Abstract As the concurrent use of multiple autonomous vehicles in ocean missions grows, systematic control for their coordinated operation is becoming a necessity. Many ocean vehicles, especially those used in longer-range missions, possess limited operating speeds and are thus sensitive to ocean currents. Yet, the effect of currents on their trajectories is ignored by many coordination techniques. To address this issue, we first derive a rigorous level-set methodology for distance-based coordination of vehicles operating in minimum time within strong and dynamic ocean currents. The new methodology integrates ocean modeling, time-optimal level-sets and optimization schemes to predict the ocean currents, the short-term reachability sets, and the optimal headings for the desired coordination. Schemes are developed for dynamic formation control, where multiple vehicles achieve and maintain a given geometric pattern as they carry out their missions.
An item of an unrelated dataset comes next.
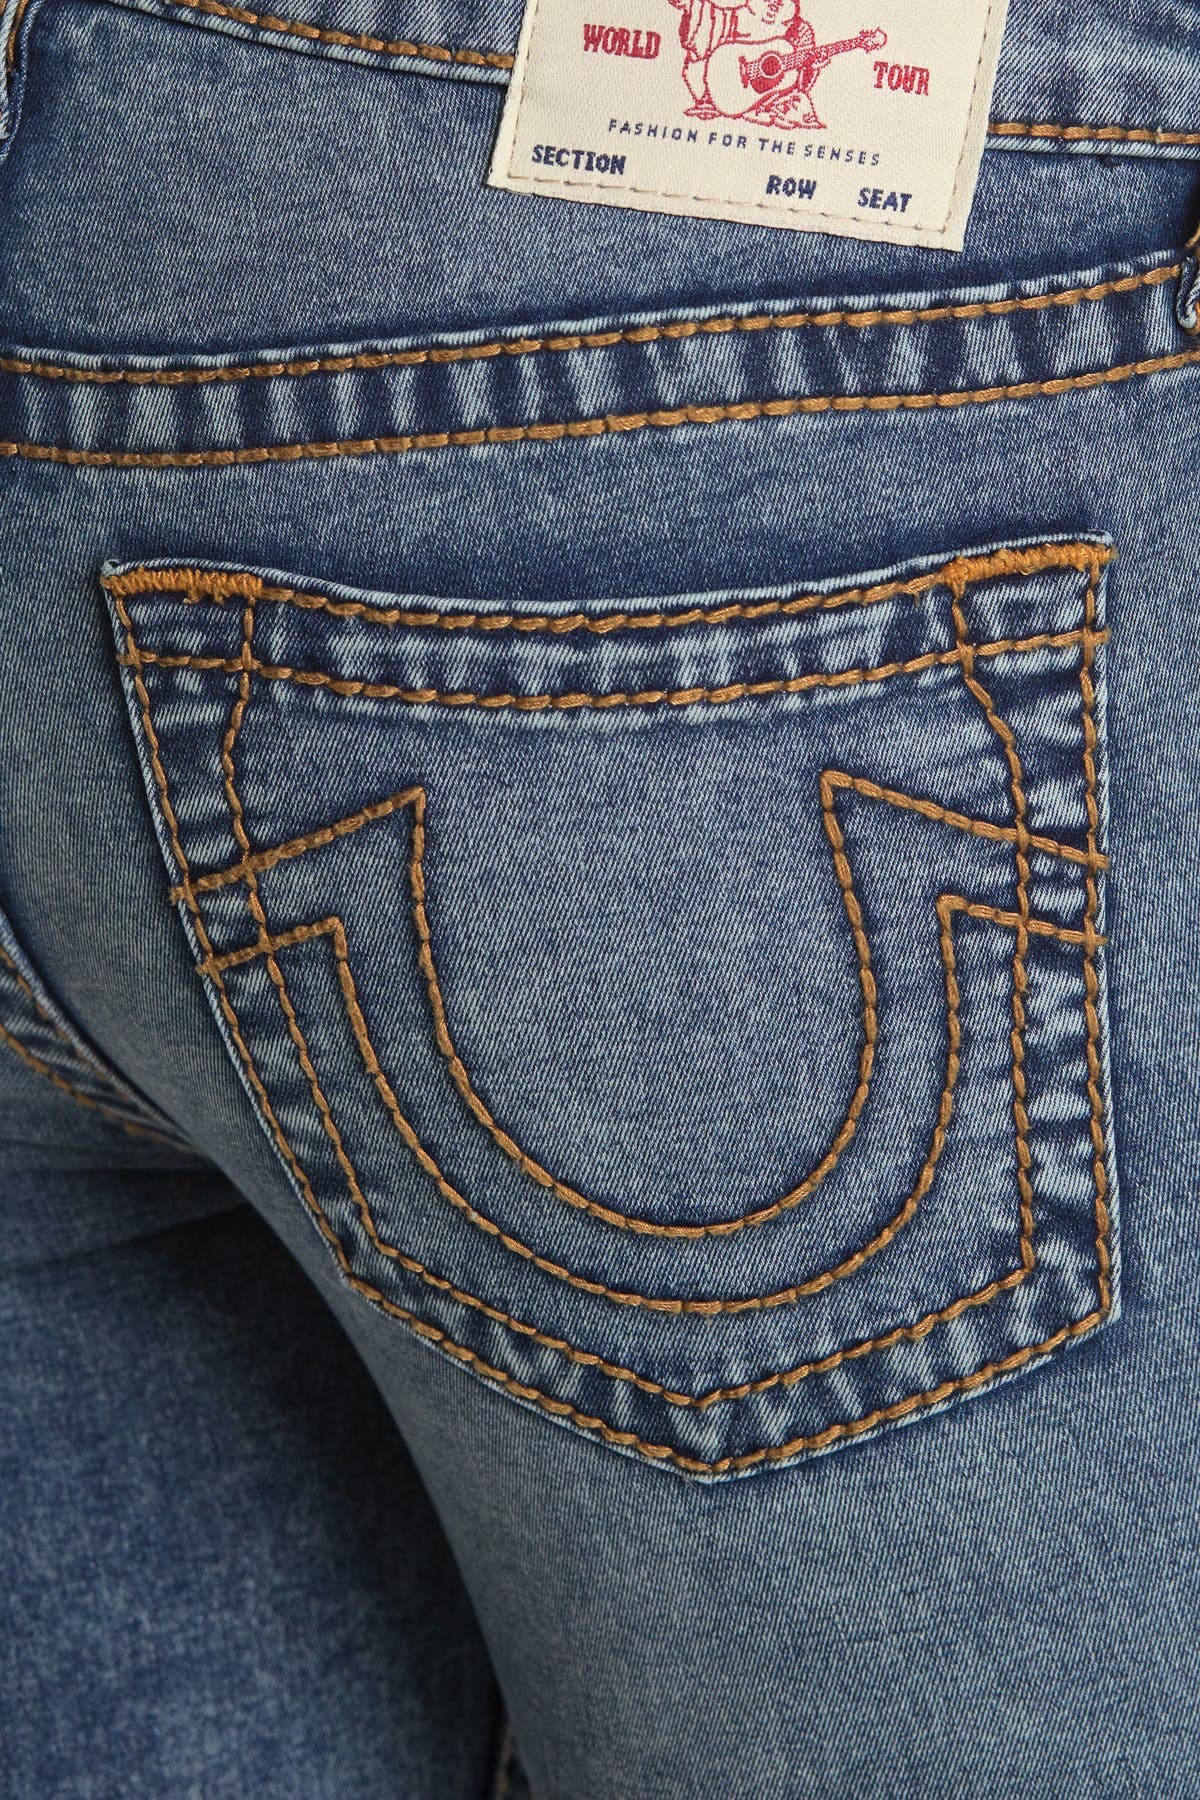 true religion big t skinny jeans
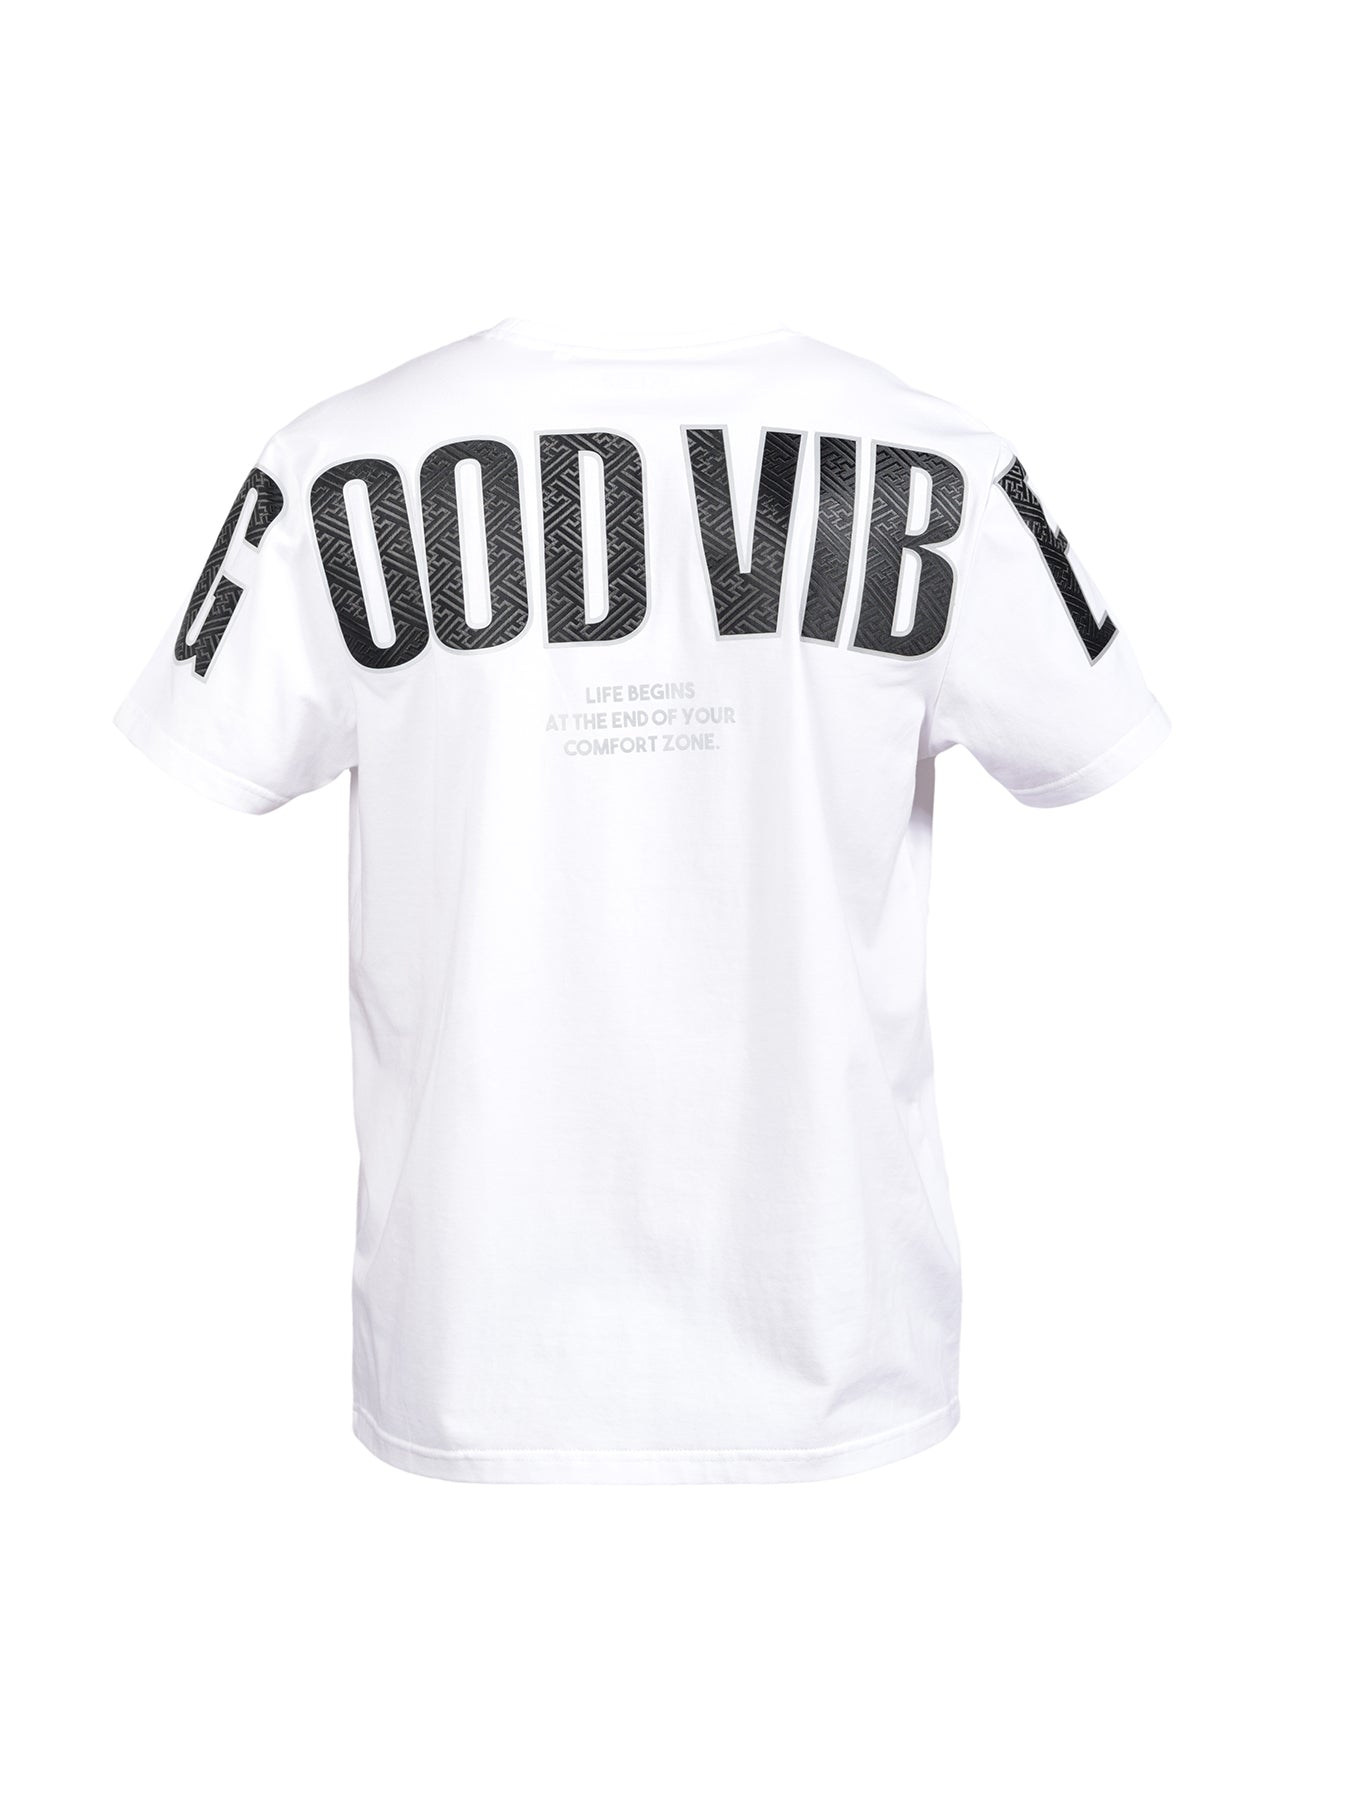 "Good Vibe" Graphic Tee

To do so, a new score function that is suitable for regular polygon formations is obtained. Secondly, we obtain an efficient, non-intrusive technique for level-set-based time-optimal path planning in the presence of moving obstacles. The results are time-optimal path forecasts that rigorously avoid moving obstacles and sustain the desired coordination. They are exemplified and investigated for a variety of simulated ocean flows. A wind-driven double-gyre flow is used to study time-optimal dynamic formation control. Currents exiting an idealized strait or estuary are employed to explore dynamic obstacle avoidance. Finally, results are analyzed for the complex geometry and multi-scale ocean flows of the Philippine Archipelago.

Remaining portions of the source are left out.